Keywords

1 Introduction

A typical human red blood cell can be morphologically described as a biconcave discoid, called a discocyte [11]. Changes in the volume of the cell change its appearance: as the volume decreases, it shrivels into a star-like shape called echinocyte with distinguishable convex rounded protrusions. As volume increases, the cell expands into a shape with single- or multi-concave invaginations, called a stomatocyte. In physiological conditions, seven different morphological subtypes can be distinguished by hematologists (see Fig. 1) and appear in a particular frequencies, which change upon environmental challenges or in a course of a number of diseases [8].
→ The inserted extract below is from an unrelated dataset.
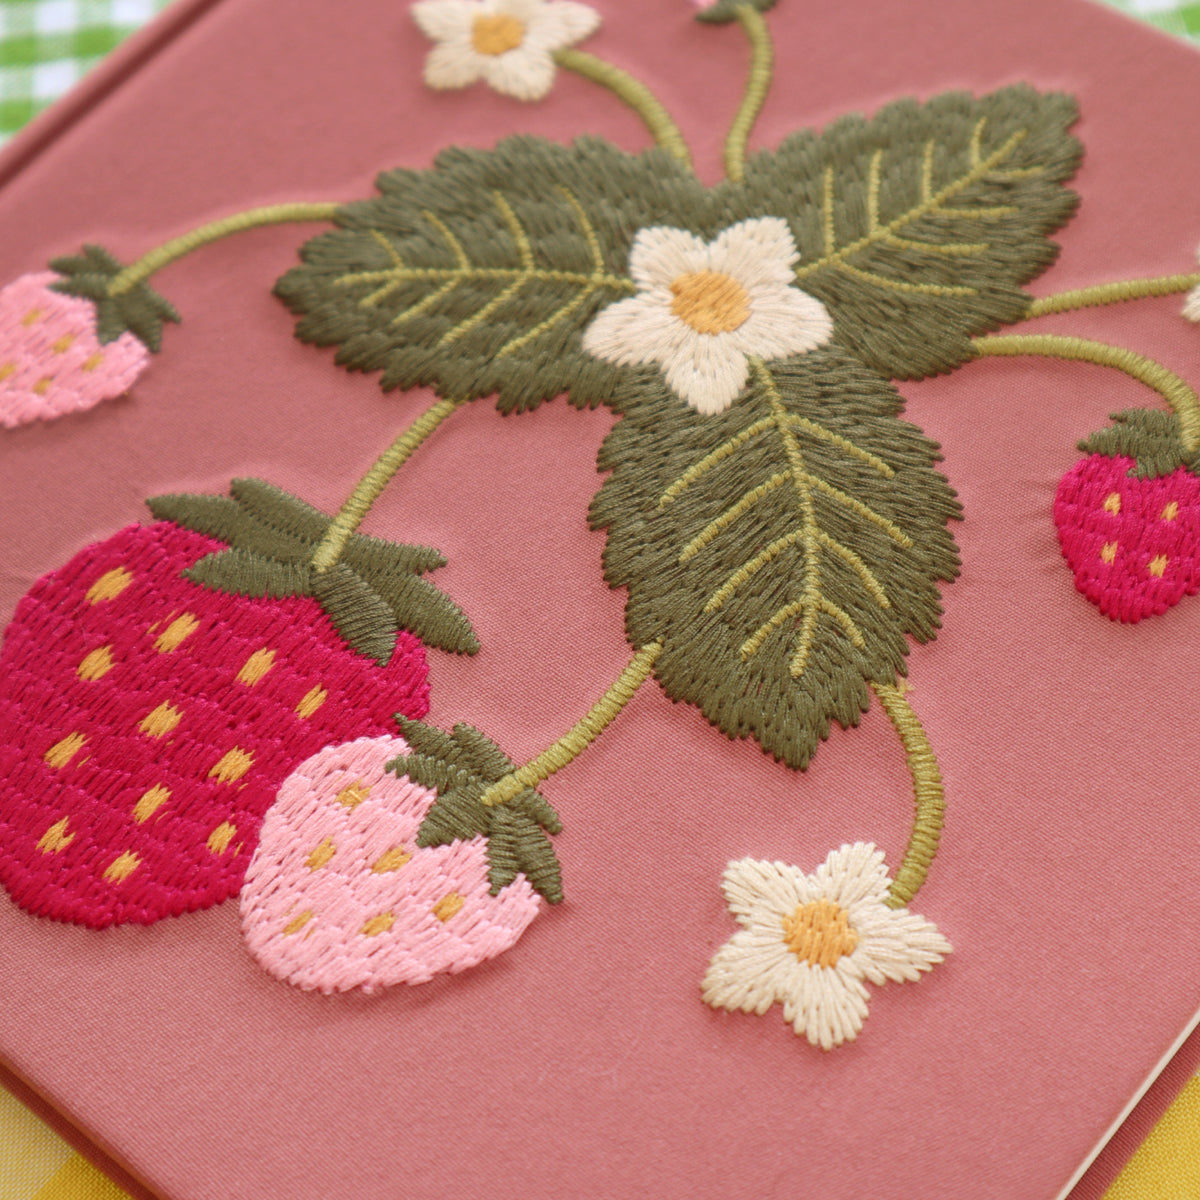 &quot;Strawberry&quot; Embroidered Sketchbook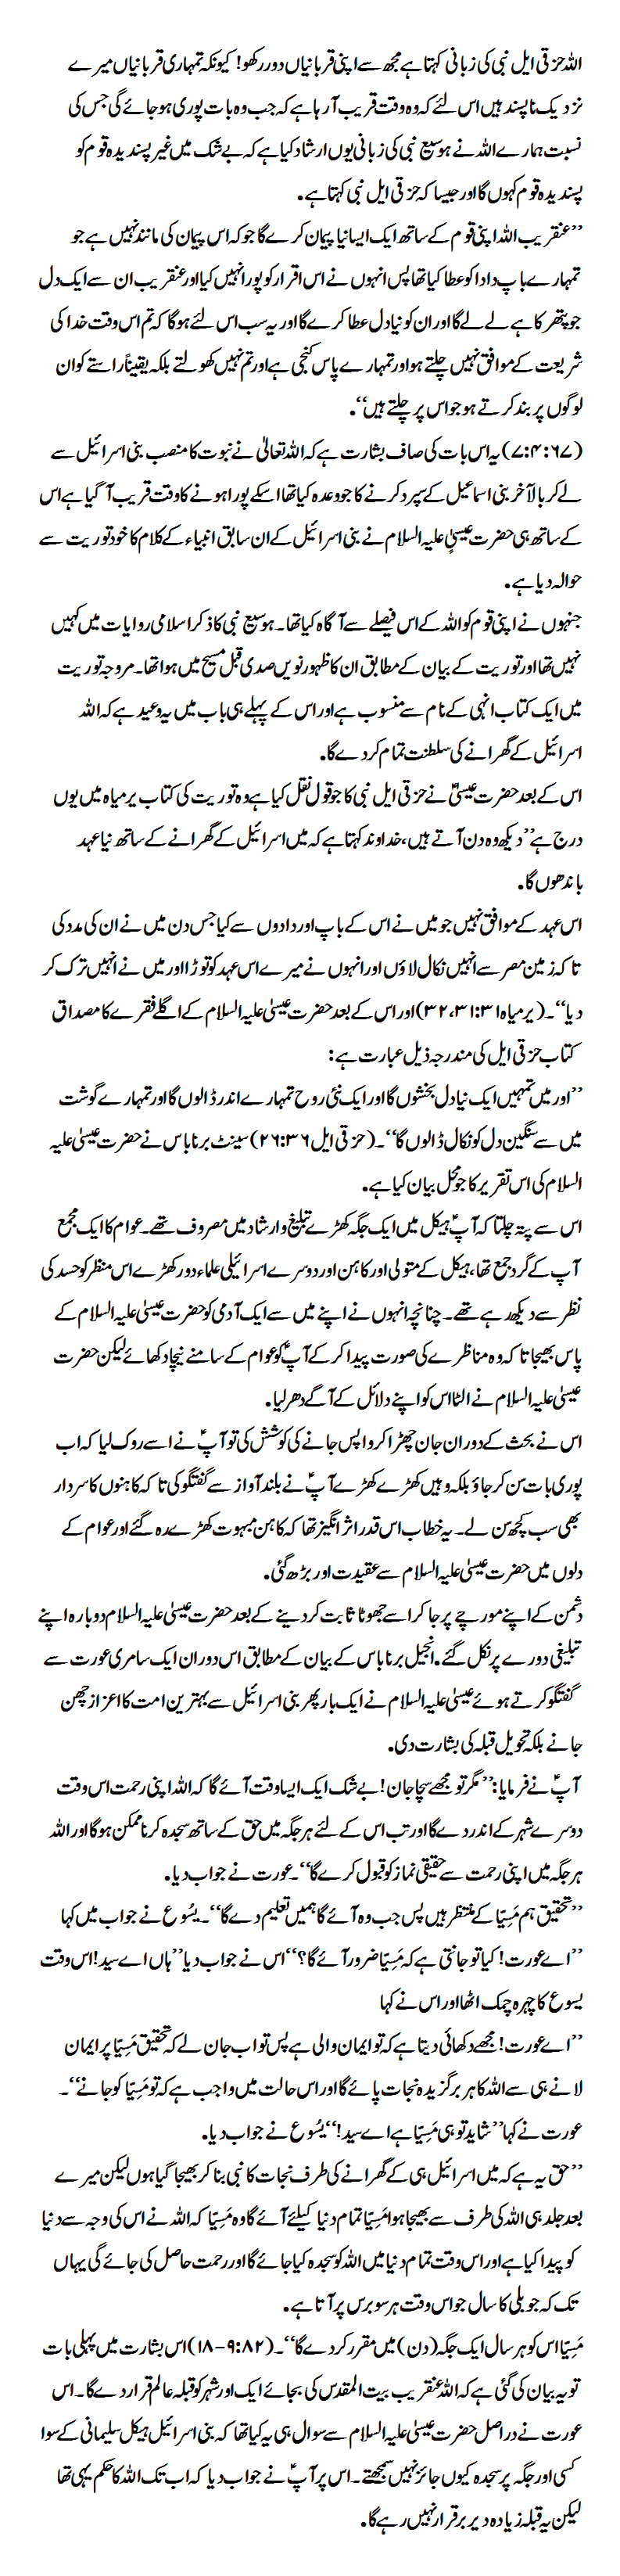 How predictions were made thousands of years ago In Urdu

Detection and classification of the red blood cell subtypes is a crucial step for blood sample analysis and the diagnosis of blood diseases [11]. Earlier on, morphological analysis was always performed on blood smears. However, more and more 2D and 3D images of living, often moving, red blood cells are produced for research and clinical needs with different modalities, illumination conditions and zoom levels. Classification of red bloods cells nowadays still relies on manual annotation by an expert.

Deep learning approaches are known to be versatile and adaptive to new environments and excel on a couple of recent biomedical challenges, like the classification of skin cancer [4] or the prediction of mutations from histopathological slides [2]. A first approach to the classification of red bloods cells has been recently also proposed [14]. However in general, the application of powerful deep learning algorithms in clinical applications is heavily limited by the need of large amounts of well annotated data, since expert time is typically scarce and expensive. We thus want to significantly reduce redundancy in manual annotation by developing uncertainty based scores that allow us to involve expensive expert knowledge only where necessary.

One promising approach to break the bottleneck of data annotation is active learning, which uses a learning algorithm to interactively query experts for new annotations. This expert-in-the-loop process has been demonstrated to achieve similar or even greater performance as compared to a fully labelled data-set, with a fraction of the cost and time that it takes to label all the data [9]. Here, we combine active learning with object detection and develop a novel active learning annotation tool to guide expert annotation. Although different active learning methods have been proposed to accelerate the annotation process for classification problems, e.g. [5], few approach exist that allow for object detection, and none for a multiclass detection problem with clinical relevance.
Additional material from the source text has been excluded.